> [PROBLEM TO WORK ON]: Your answer should hold exactly the lines below from the line with "Renovated 2 bedroom" through the line with "design awards 2017", both included, and no pictures at all.

> [GIVEN RECORDS]:
*** Block opens ***

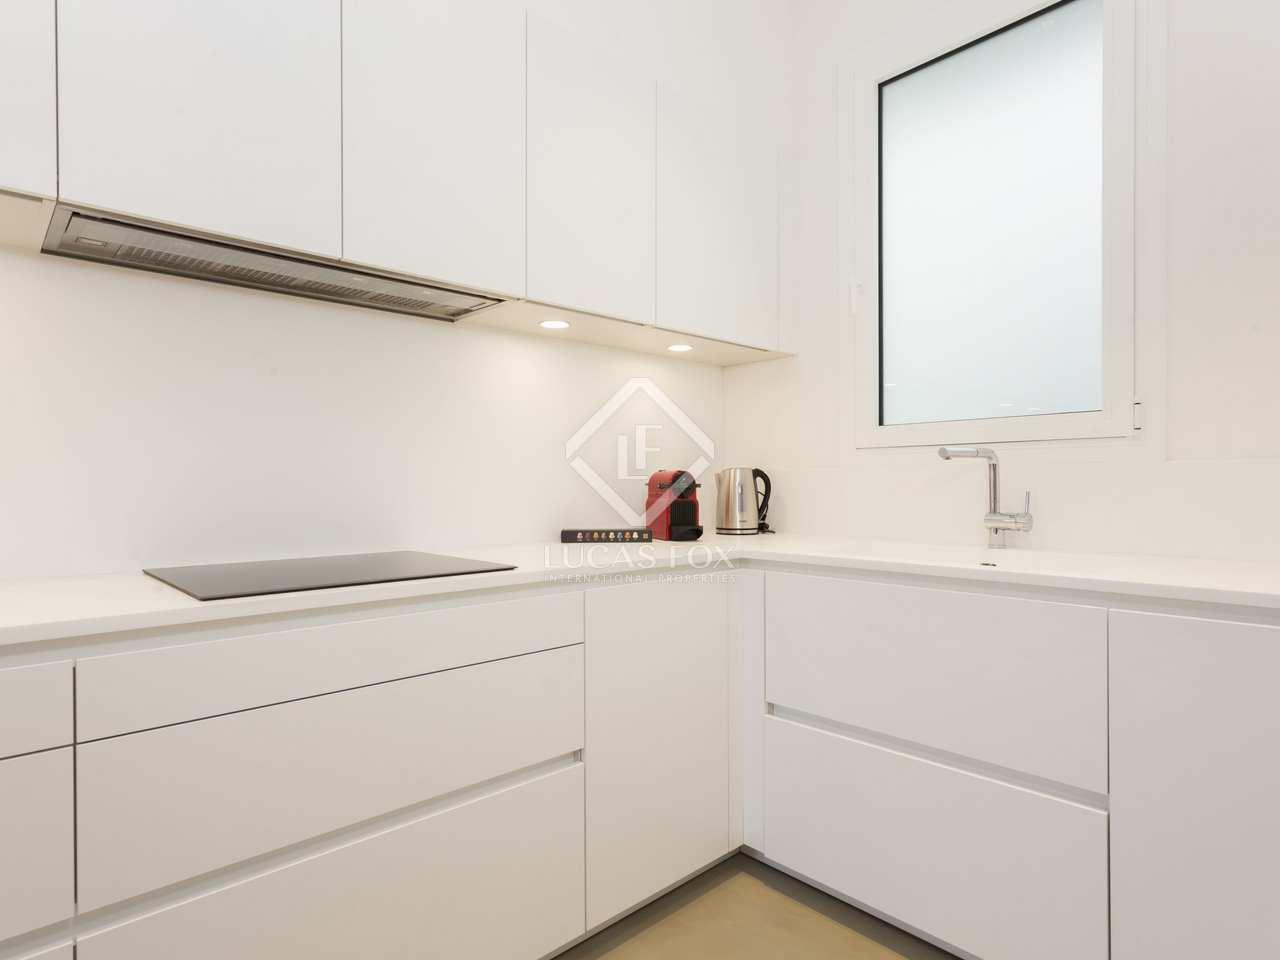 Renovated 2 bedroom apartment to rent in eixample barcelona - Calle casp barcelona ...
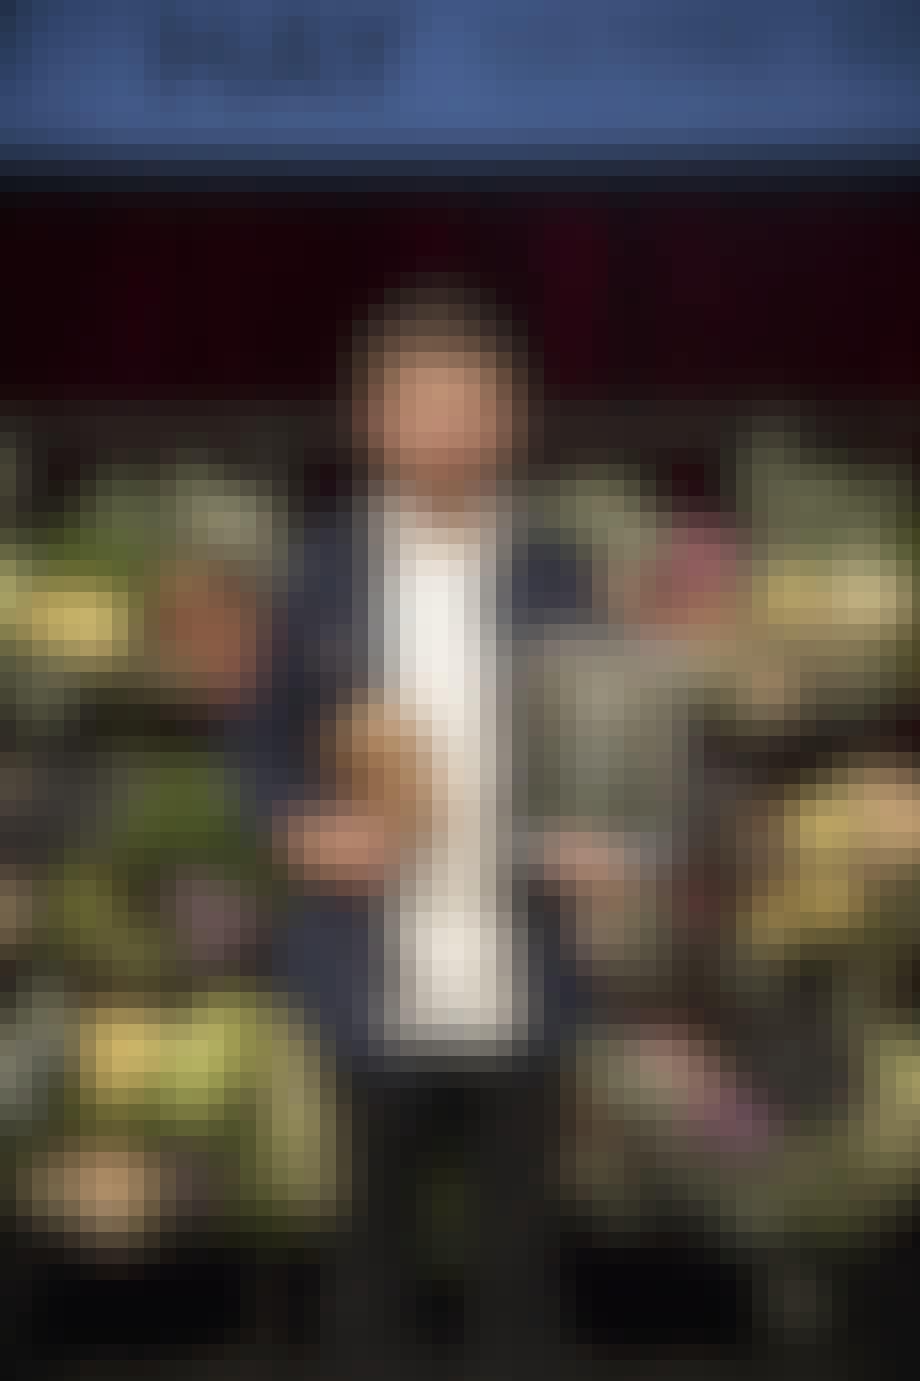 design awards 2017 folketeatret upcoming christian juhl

*** Block closes ***
*** Block opens ***

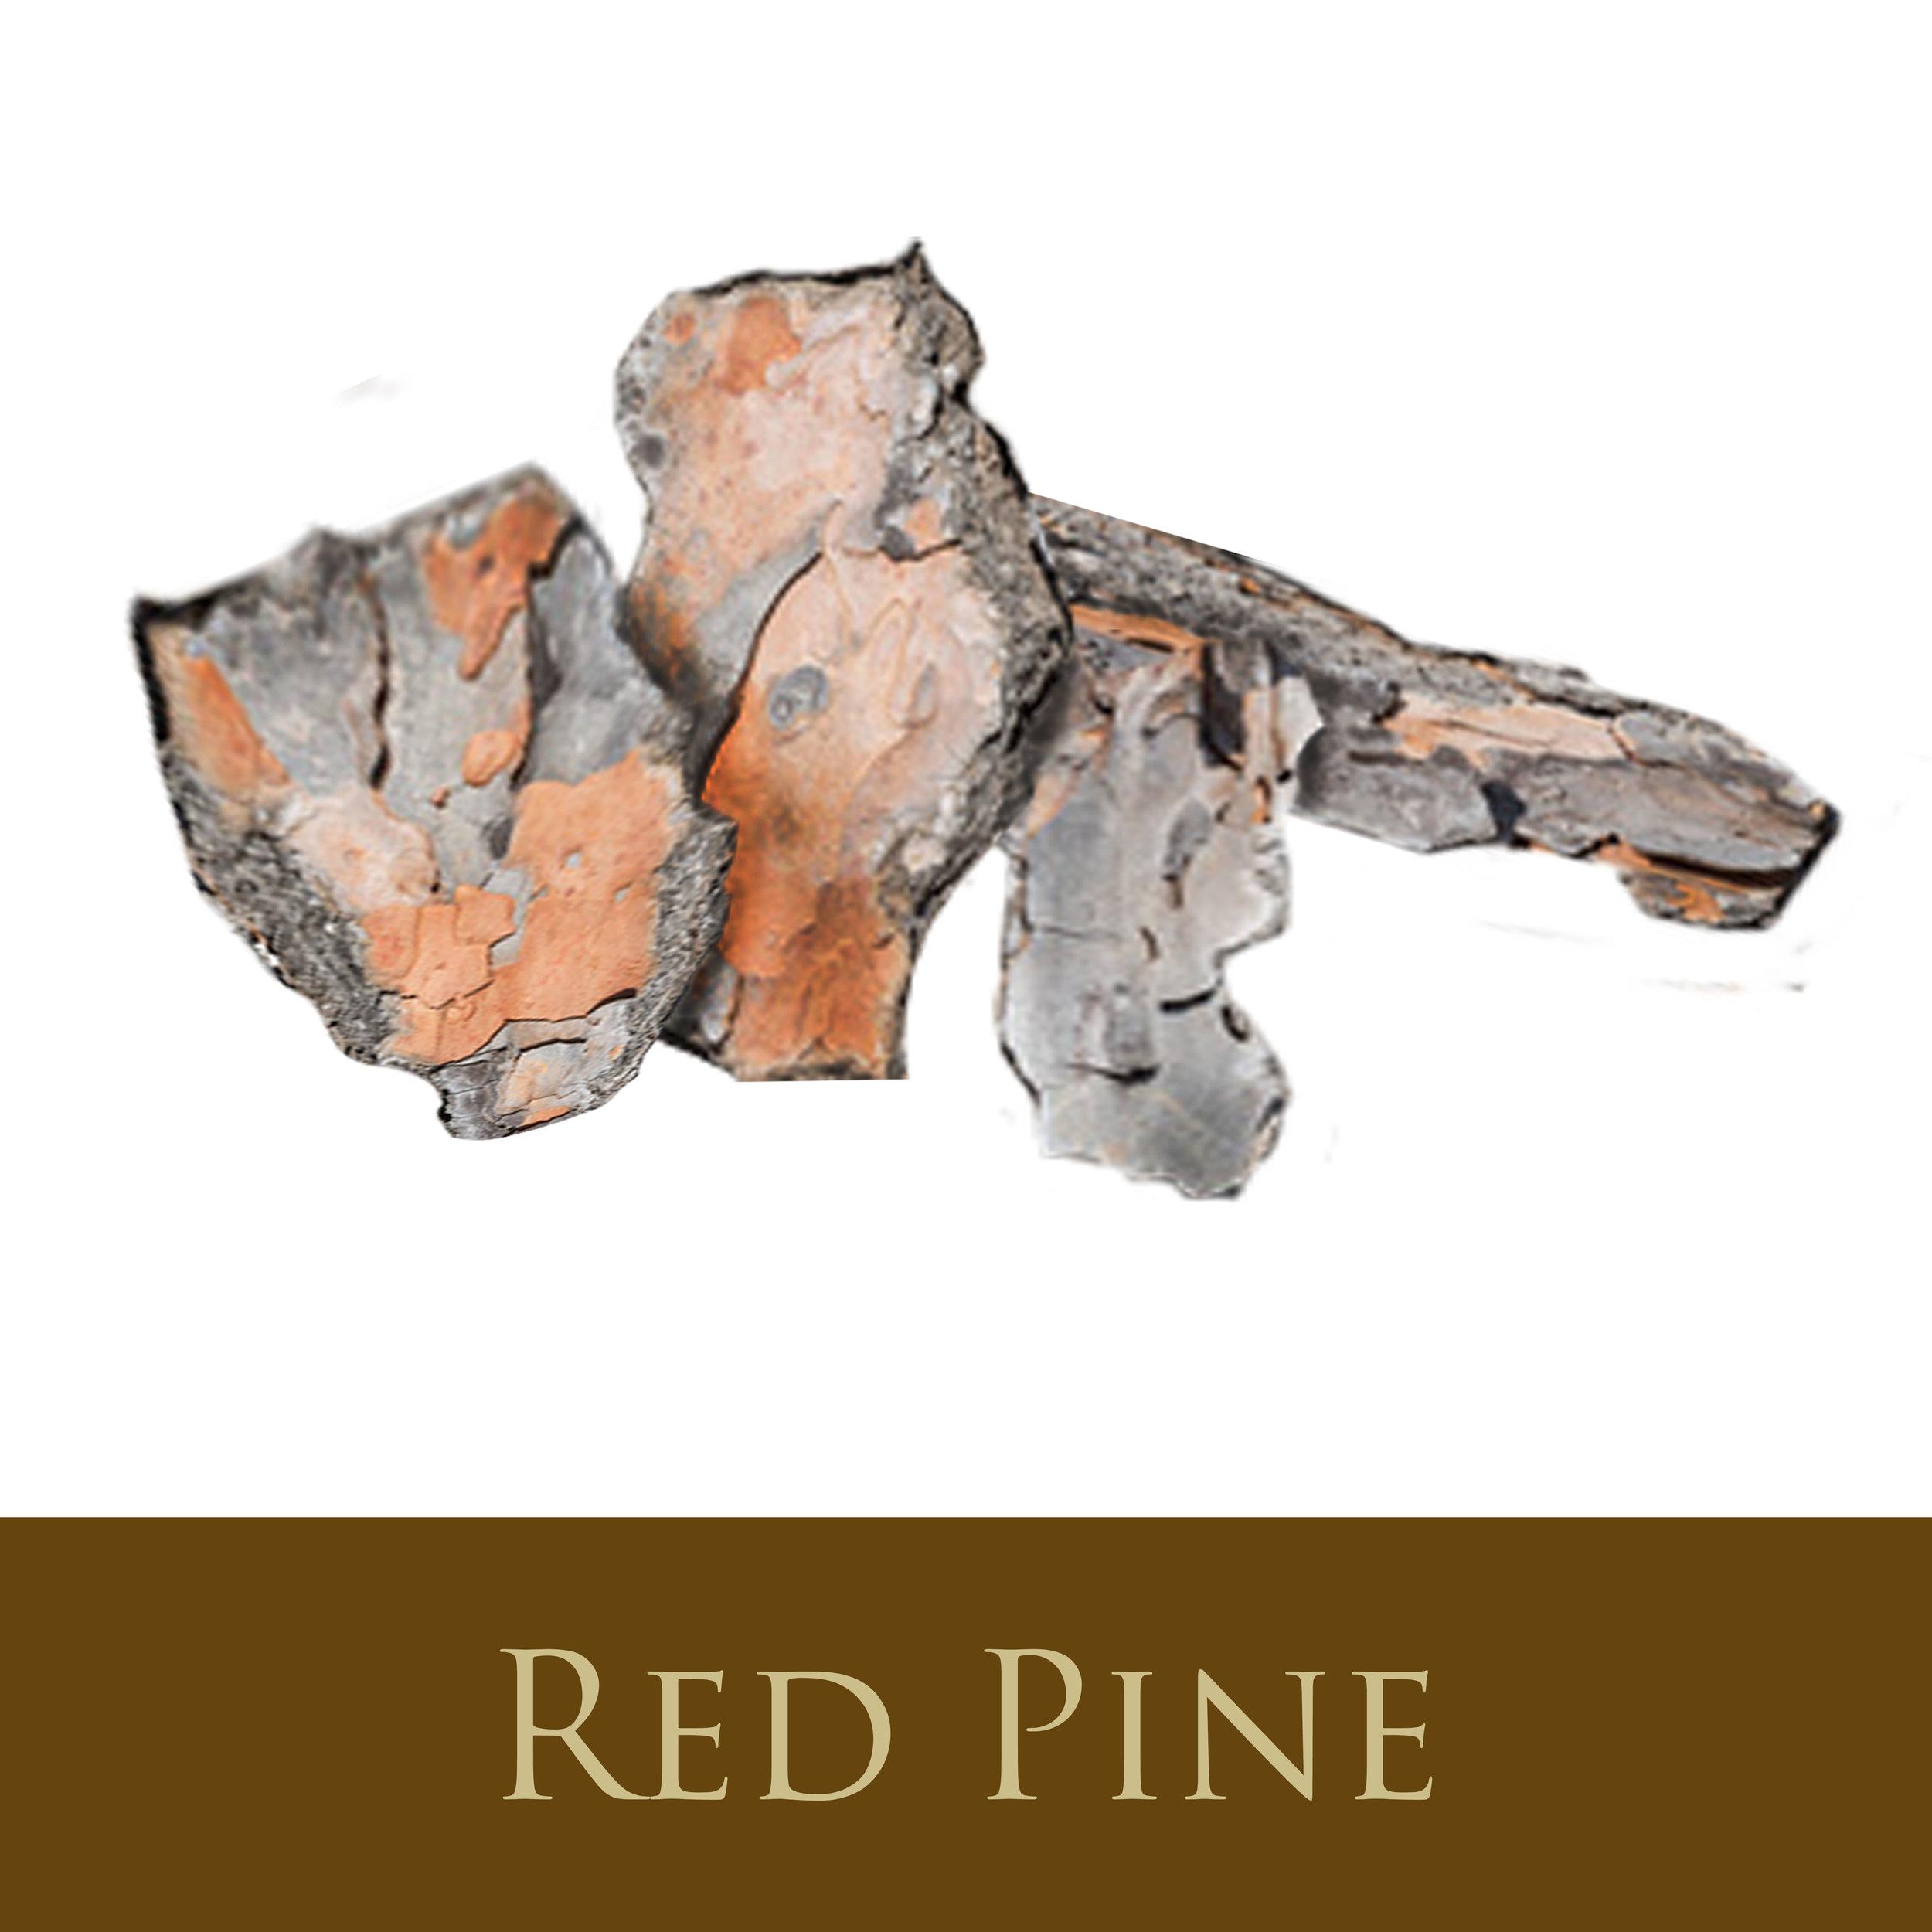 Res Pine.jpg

*** Block closes ***
*** Block opens ***

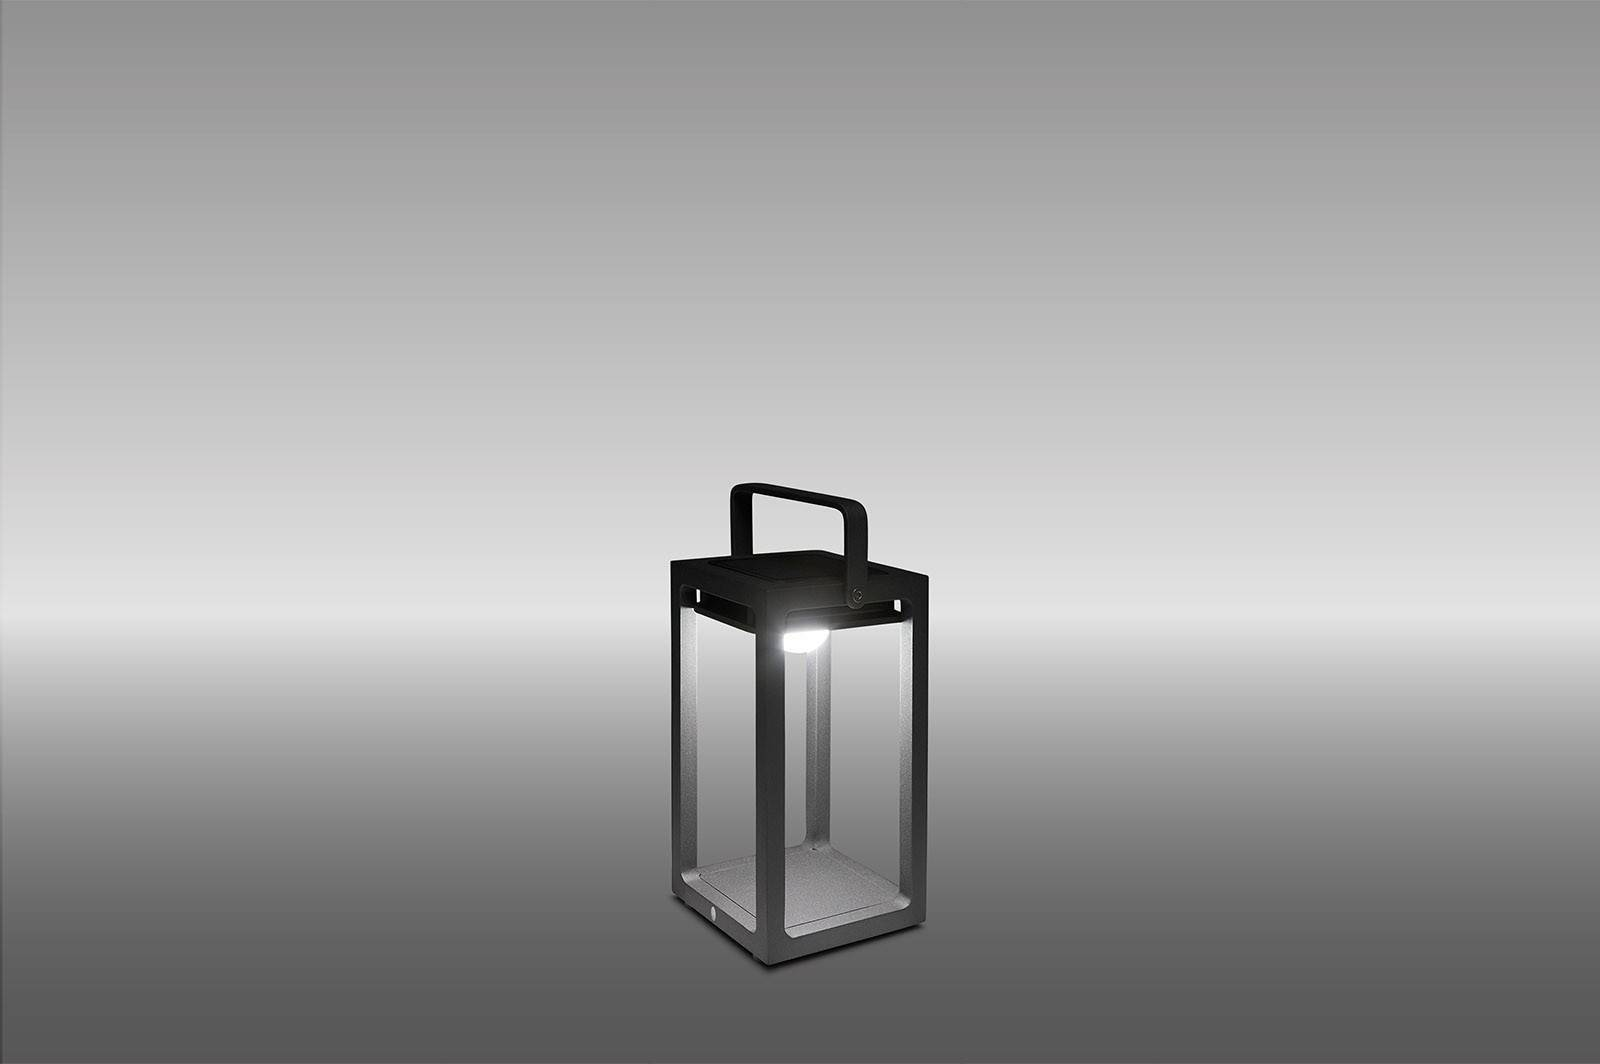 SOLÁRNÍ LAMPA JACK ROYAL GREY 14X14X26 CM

*** Block closes ***

> [ANSWER BOX]:
 Renovated 2 bedroom apartment to rent in eixample barcelona - Calle casp barcelona ...
 design awards 2017 folketeatret upcoming christian juhl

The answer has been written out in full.